BAKU, Azerbaijan, Dec. 16
Armenia committed genocide in Azerbaijan’s Khojaly town, Meryem Aybike Sinan, columnist of Turkey’s Turkiye Gazetesi newspaper, wrote in her article, Trend reports Dec. 16.
“It was Armenia that seized Azerbaijani territories and is responsible for the deaths of civilians,” the author wrote. “It was the occupation of Azerbaijani territories that led to the fact that millions of peaceful Azerbaijanis were forced to leave their homes.”
There is no doubt that Armenia wasn’t alone in this, and it has accomplices and protectors, according to the article.
“During the Khojaly genocide, 613 people were killed, 1,000 civilians of different age became disabled as a result of bullet wounds,” reads the article. “As many as 106 women, 63 children, 70 elderly persons were killed, 8 families were totally exterminated, 25 children lost both parents, 130 children lost one of their parents. On the night of the tragedy, 1,275 innocent residents were taken hostage, while the fate of 150 people still remains unknown.”
Meryem Aybike Sinan also noted that despite that the Armenians, who lived on Turkish lands without any problems, shed the blood of innocent people, they continue to pass themselves off as victims.
“Unfortunately, the Turkish diaspora isn’t so influential in the US and EU countries,” reads the article. “As soon as the relations between Turkey and the US worsened, little “harmless” Armenia submitted the issue of the so-called “Armenian genocide” to the US Congress.”
The conflict between the two South Caucasus countries began in 1988 when Armenia made territorial claims against Azerbaijan. As a result of the ensuing war, in 1992 Armenian armed forces occupied 20 percent of Azerbaijan, including the Nagorno-Karabakh region and seven surrounding districts.

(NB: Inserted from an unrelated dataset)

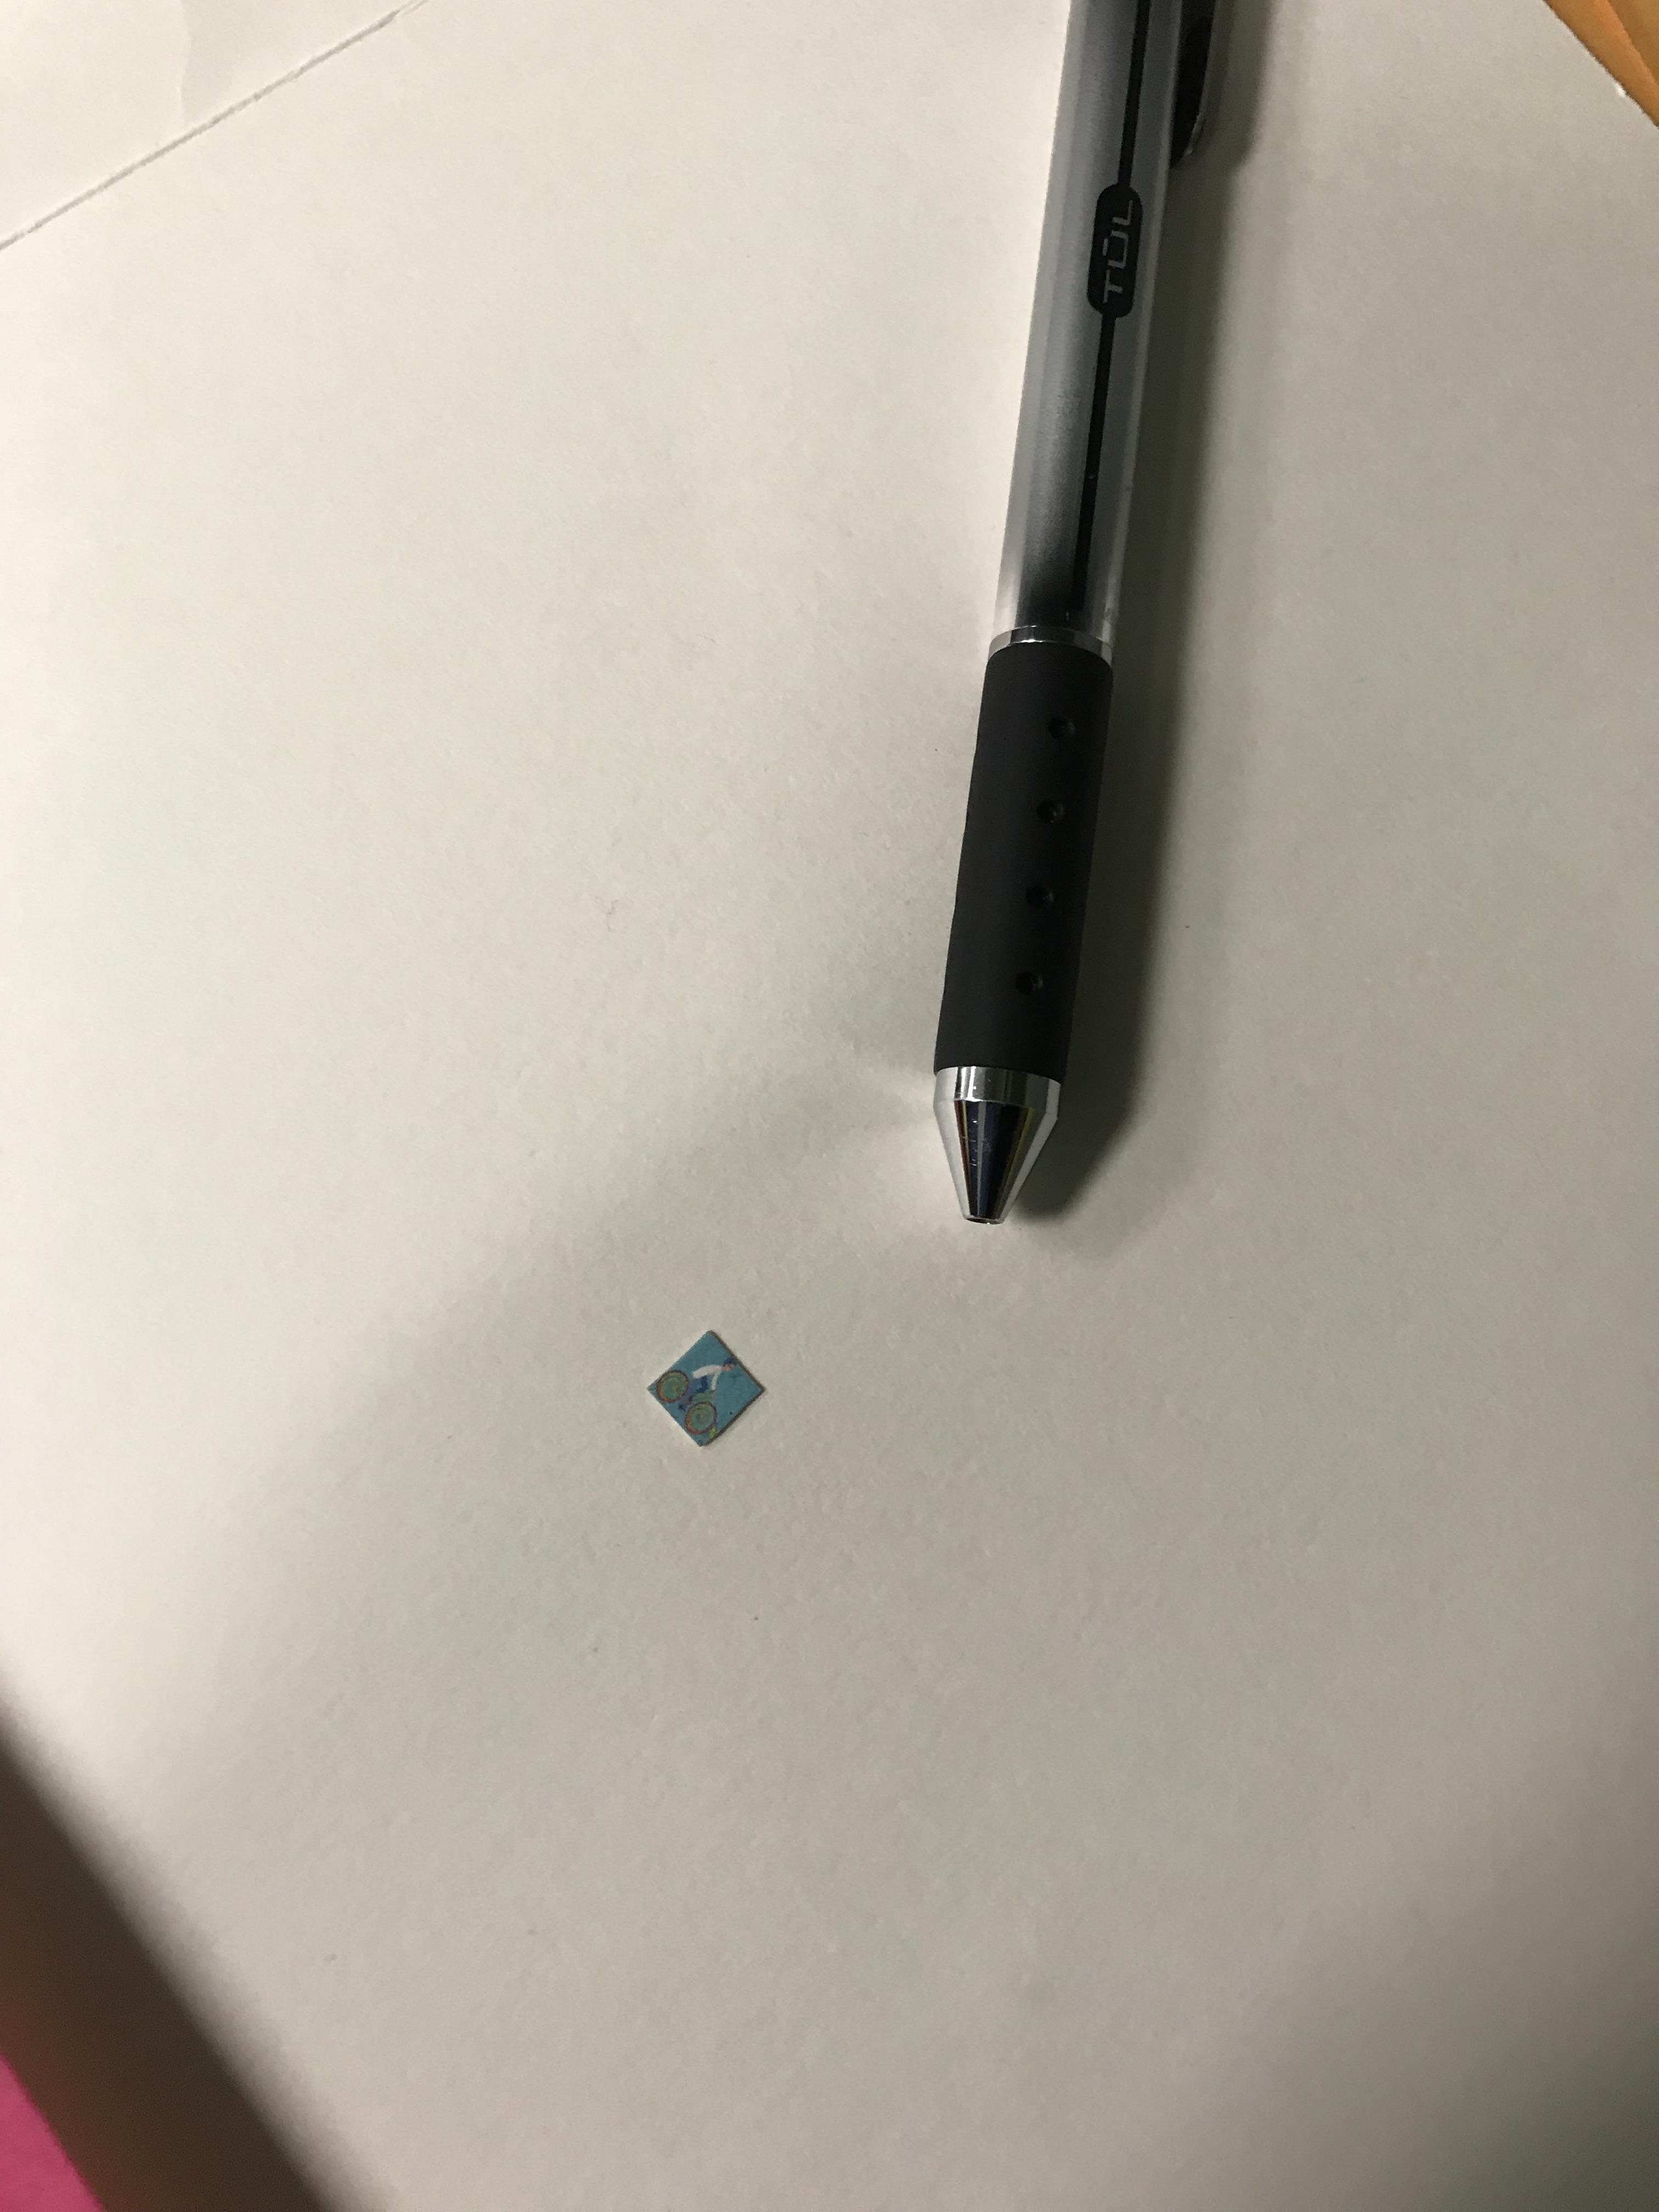 tab with pen next to it

During the Karabakh war, on Feb. 25-26, 1992, the Armenian armed forces, together with the 366th infantry regiment of Soviet troops, stationed in Khankendi, committed an act of genocide against the population of the Azerbaijani town of Khojaly.
The 1994 ceasefire agreement was followed by peace negotiations. Armenia has not yet implemented four UN Security Council resolutions on withdrawal of its armed forces from Nagorno-Karabakh and the surrounding districts.